PROVIDED MATERIAL:
____
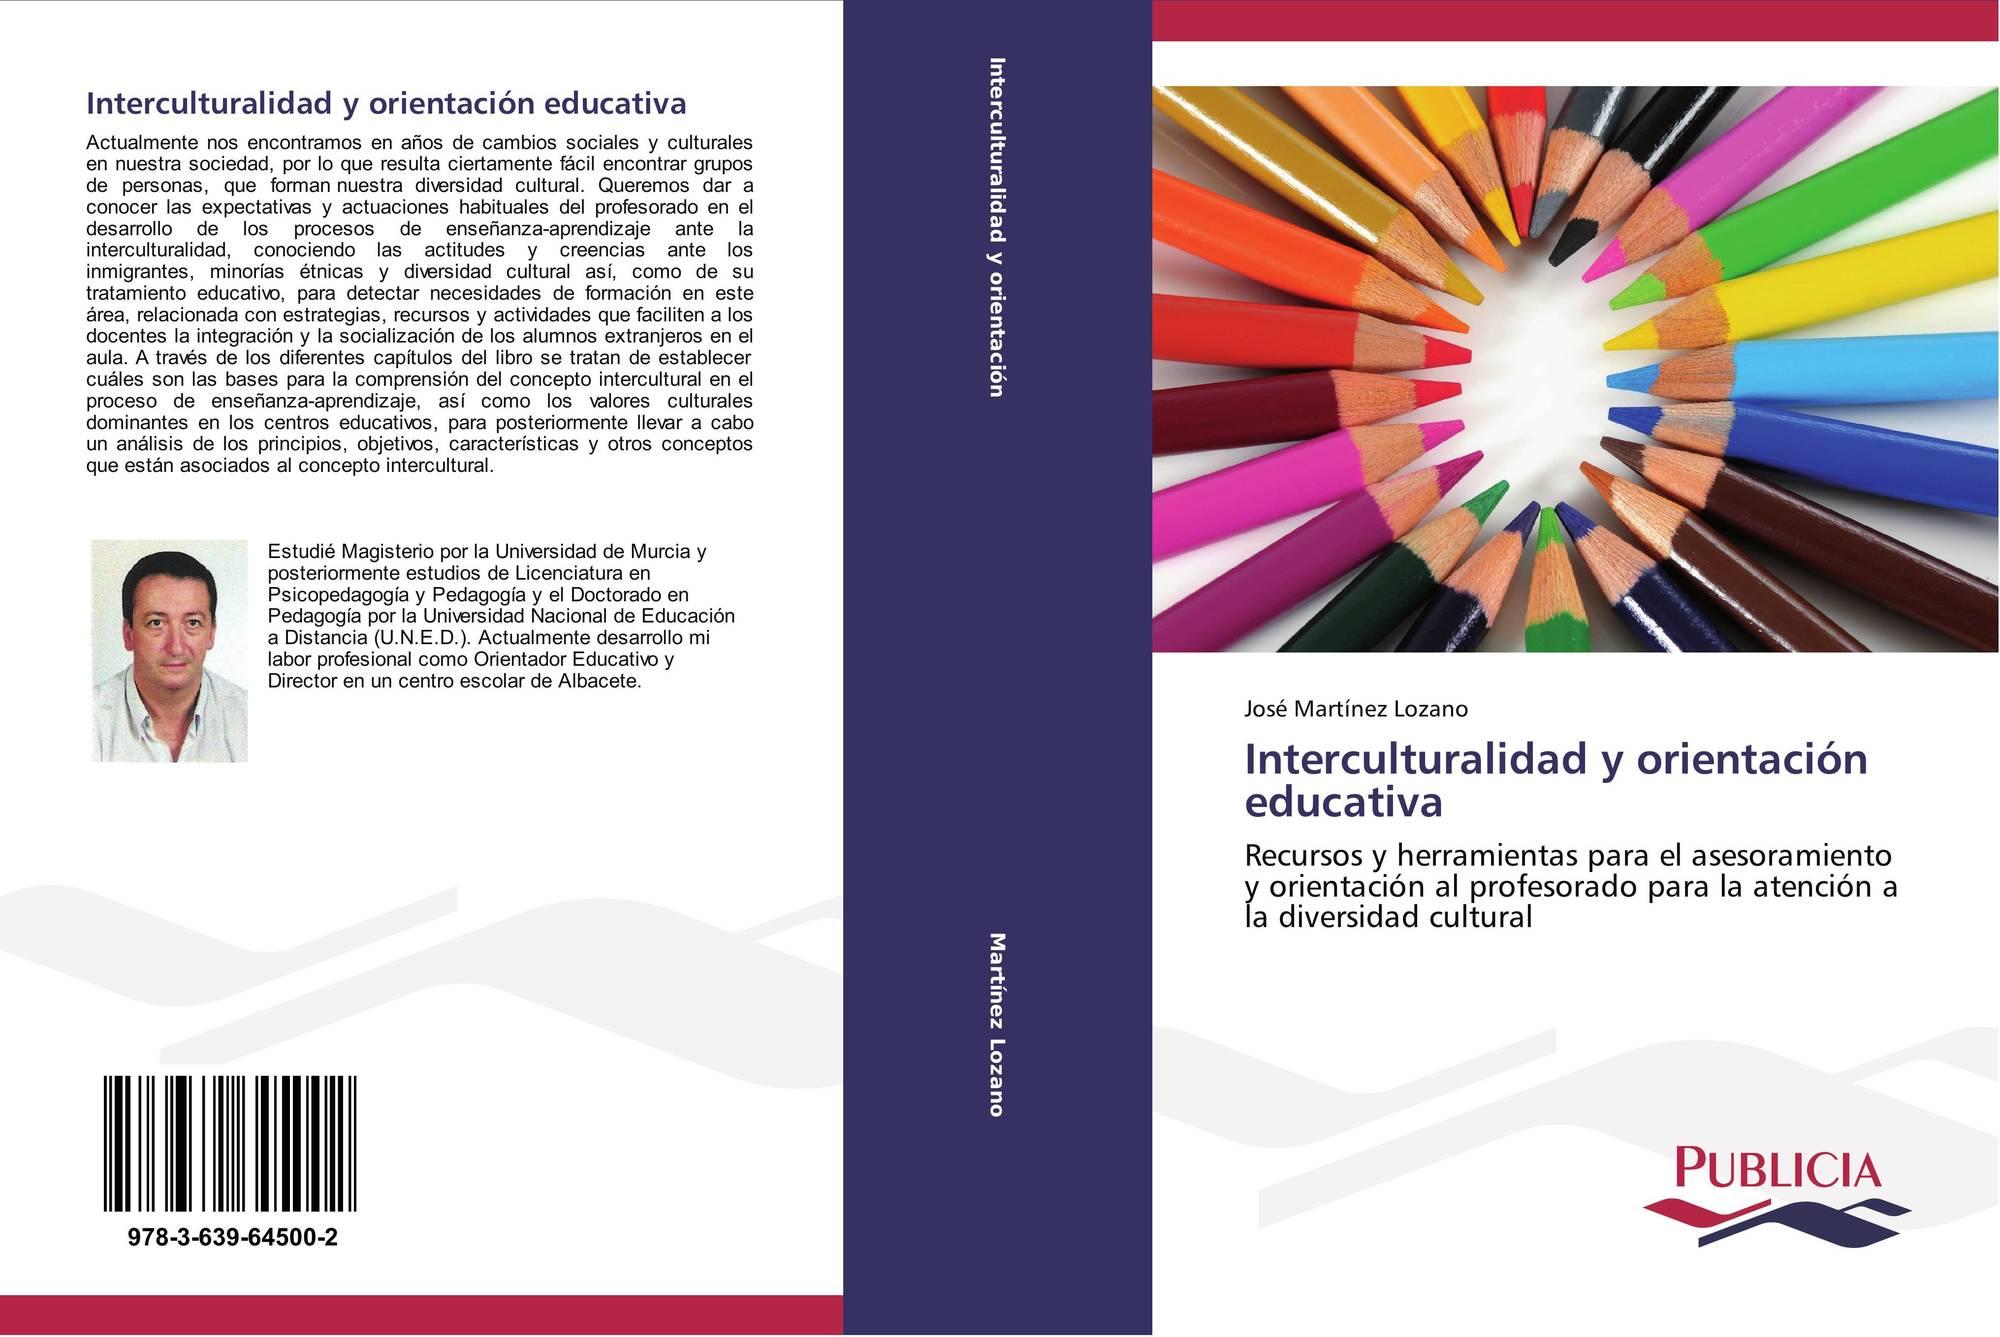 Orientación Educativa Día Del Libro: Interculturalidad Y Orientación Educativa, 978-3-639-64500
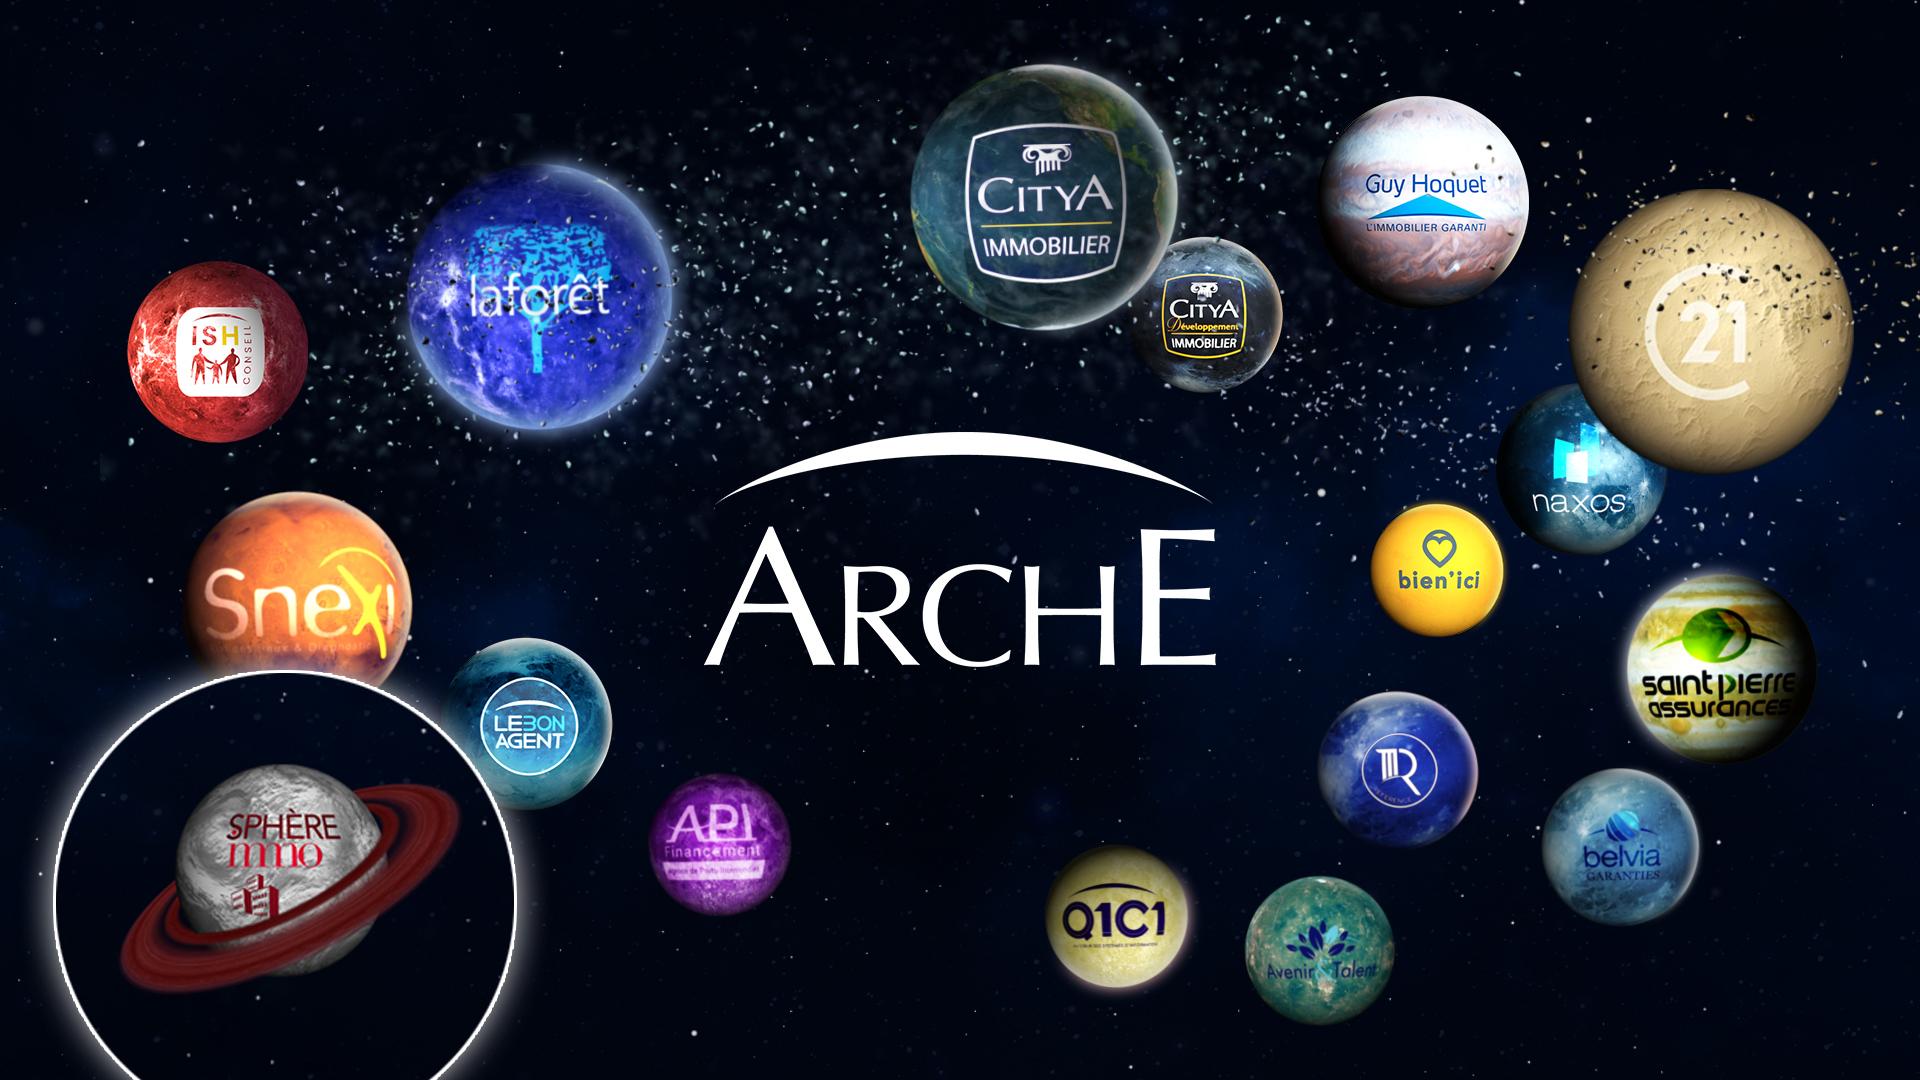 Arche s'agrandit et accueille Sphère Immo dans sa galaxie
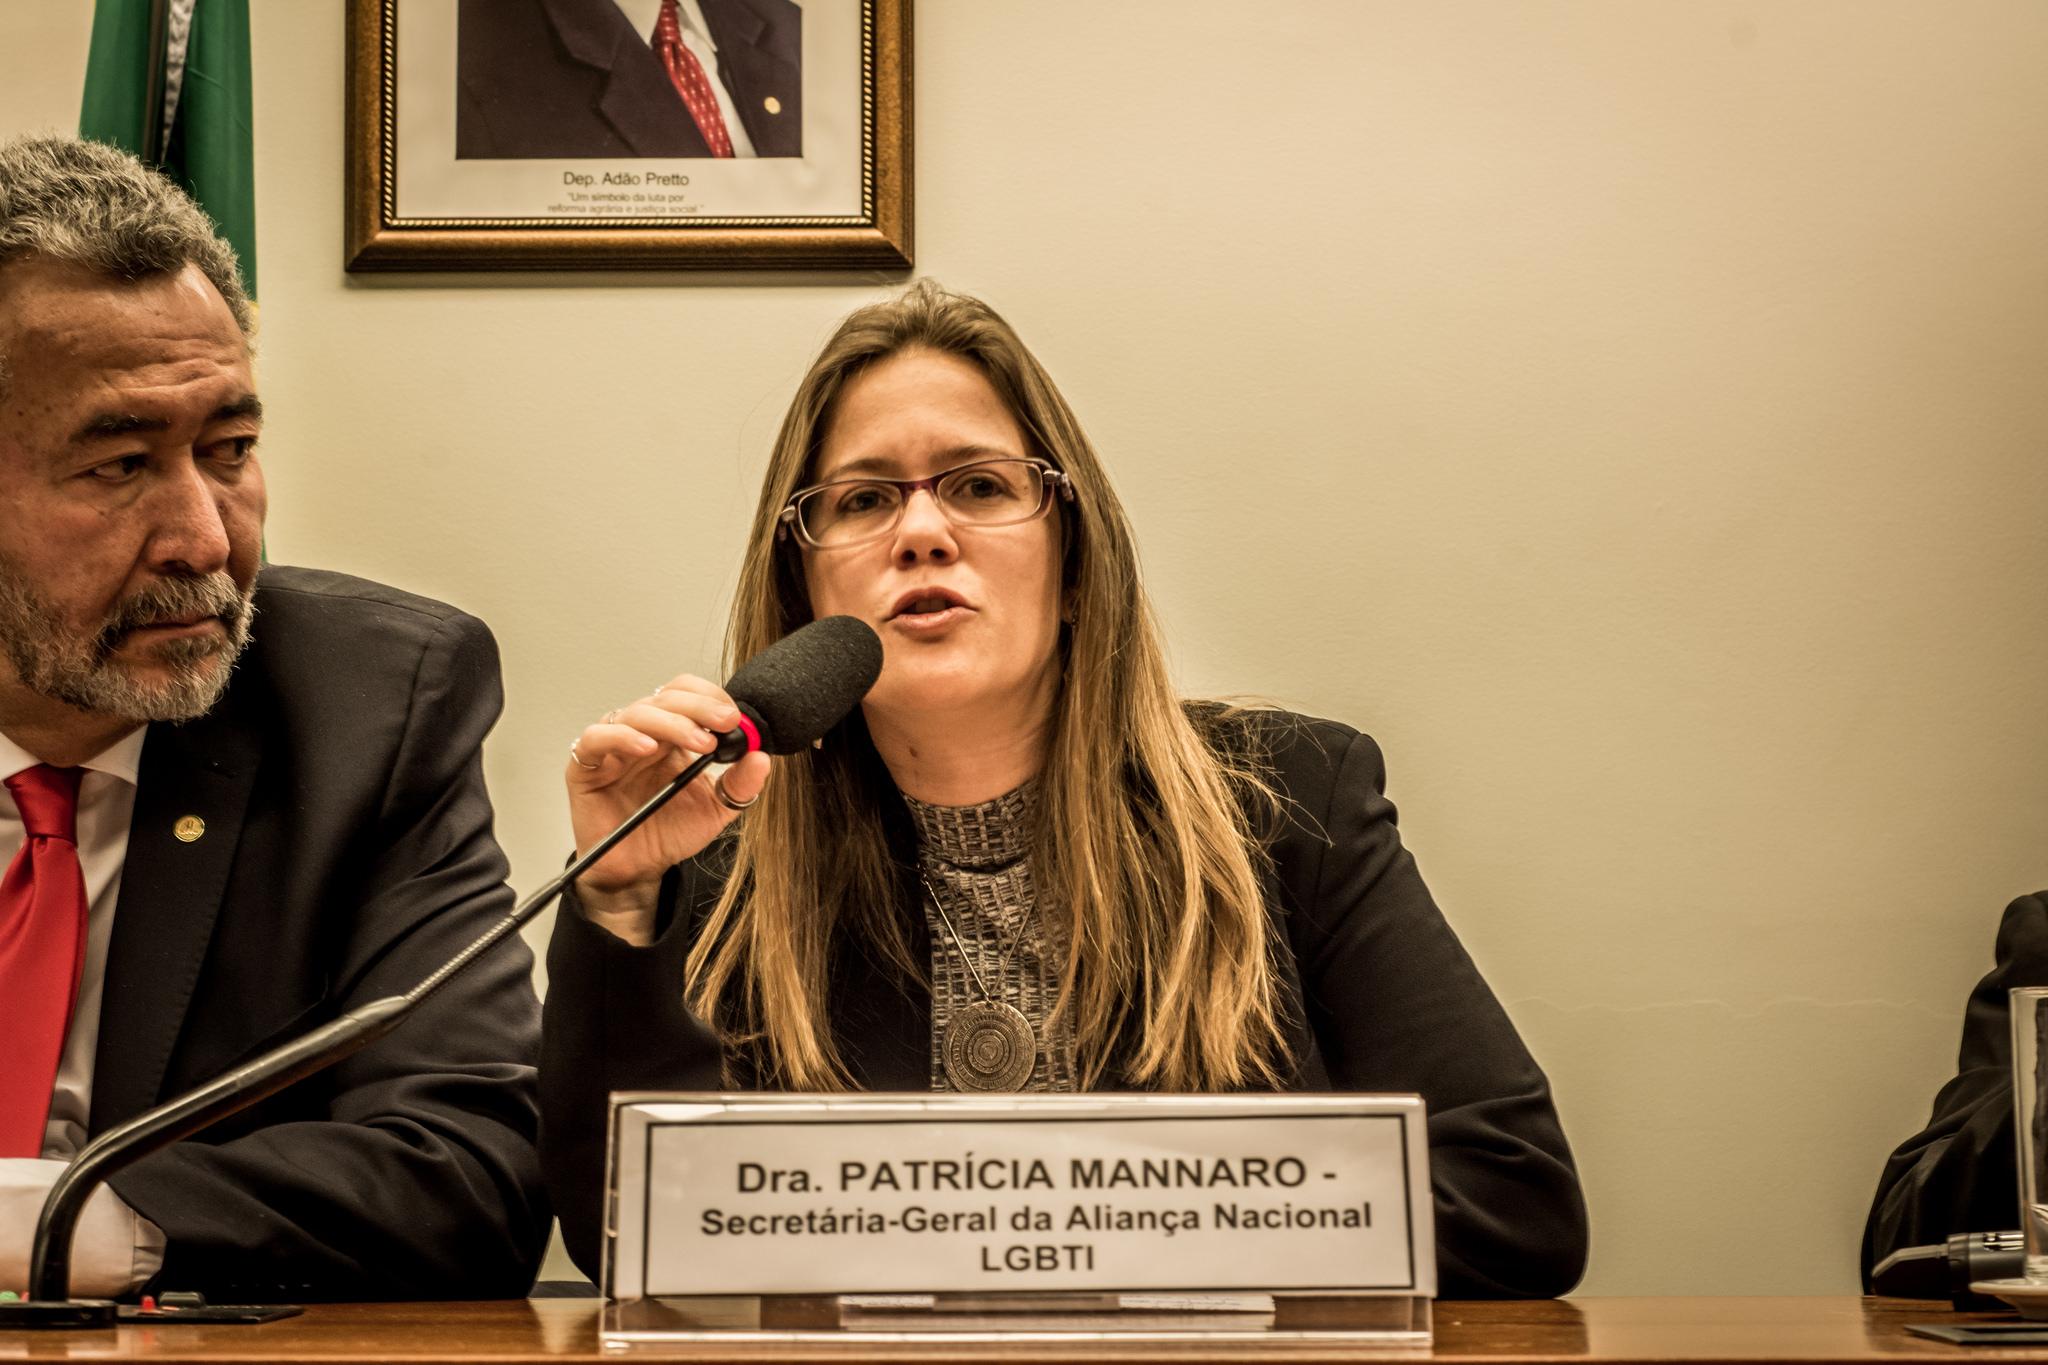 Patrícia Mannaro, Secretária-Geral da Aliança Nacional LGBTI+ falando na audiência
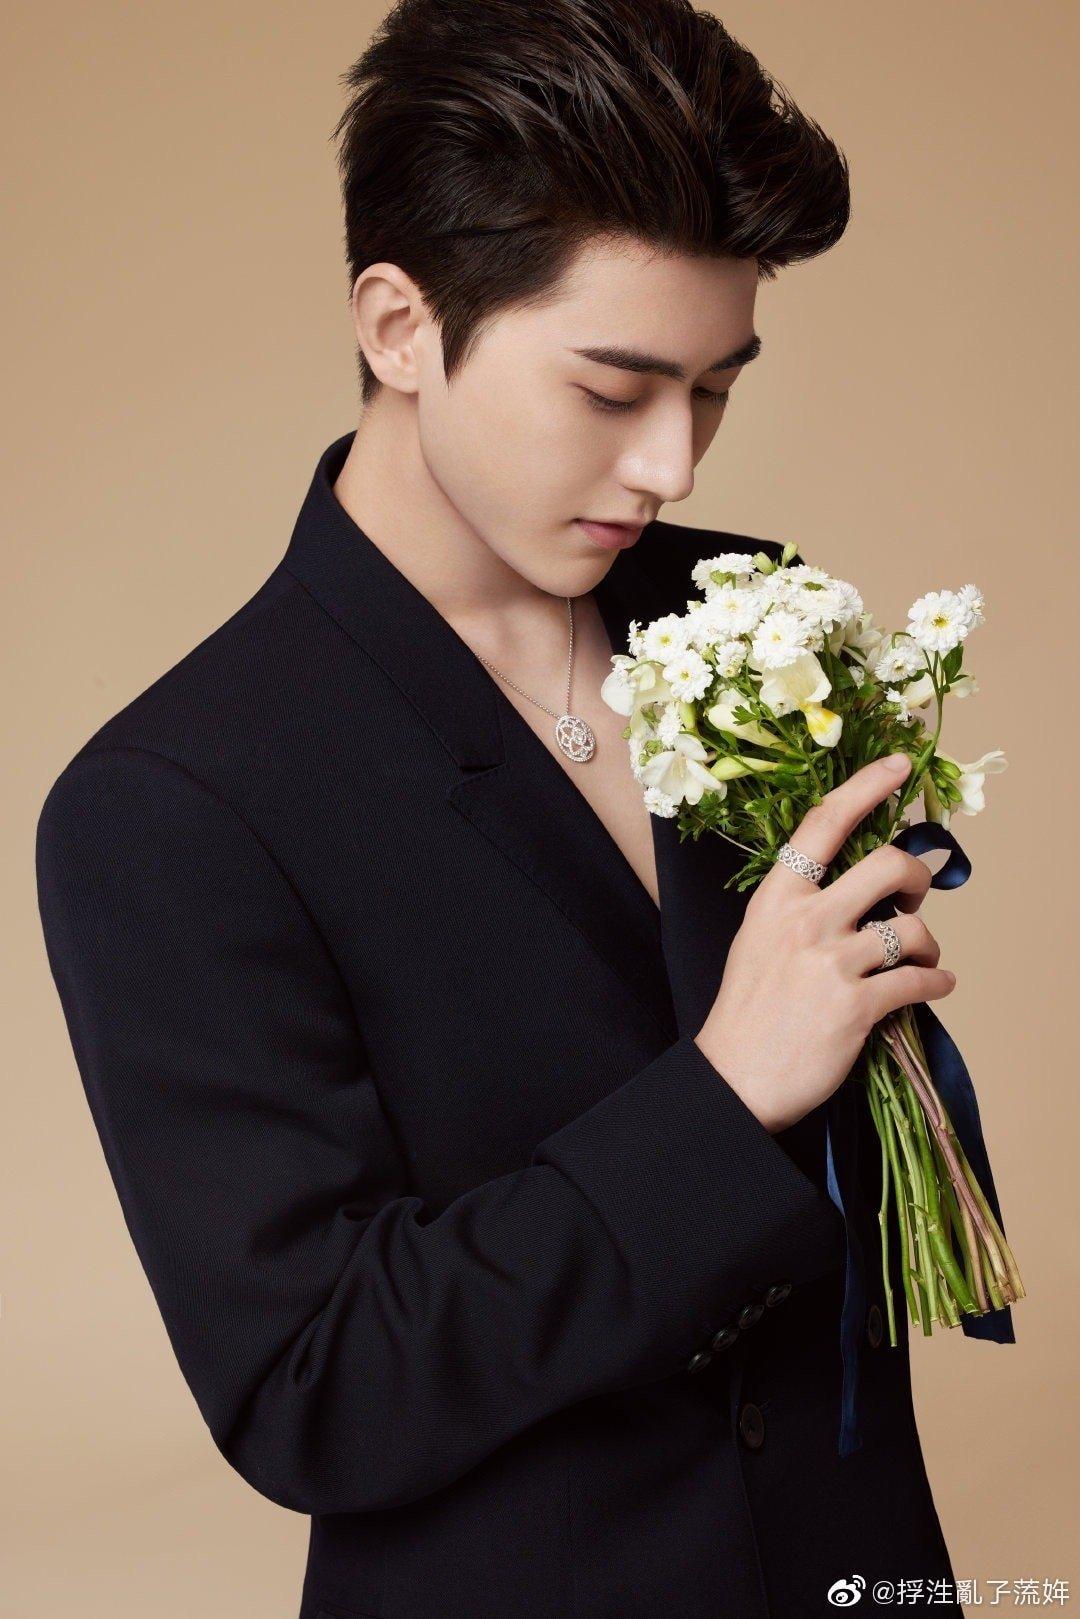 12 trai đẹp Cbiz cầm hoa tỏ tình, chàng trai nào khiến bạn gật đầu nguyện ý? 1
____
WHAT THE EXERCISE ASKS:
The required answer is the material repeated exactly, with no images in it.

SOLUTION:
 Orientación Educativa Día Del Libro: Interculturalidad Y Orientación Educativa, 978-3-639-64500
 Arche s'agrandit et accueille Sphère Immo dans sa galaxie
 Patrícia Mannaro, Secretária-Geral da Aliança Nacional LGBTI+ falando na audiência
 12 trai đẹp Cbiz cầm hoa tỏ tình, chàng trai nào khiến bạn gật đầu nguyện ý? 1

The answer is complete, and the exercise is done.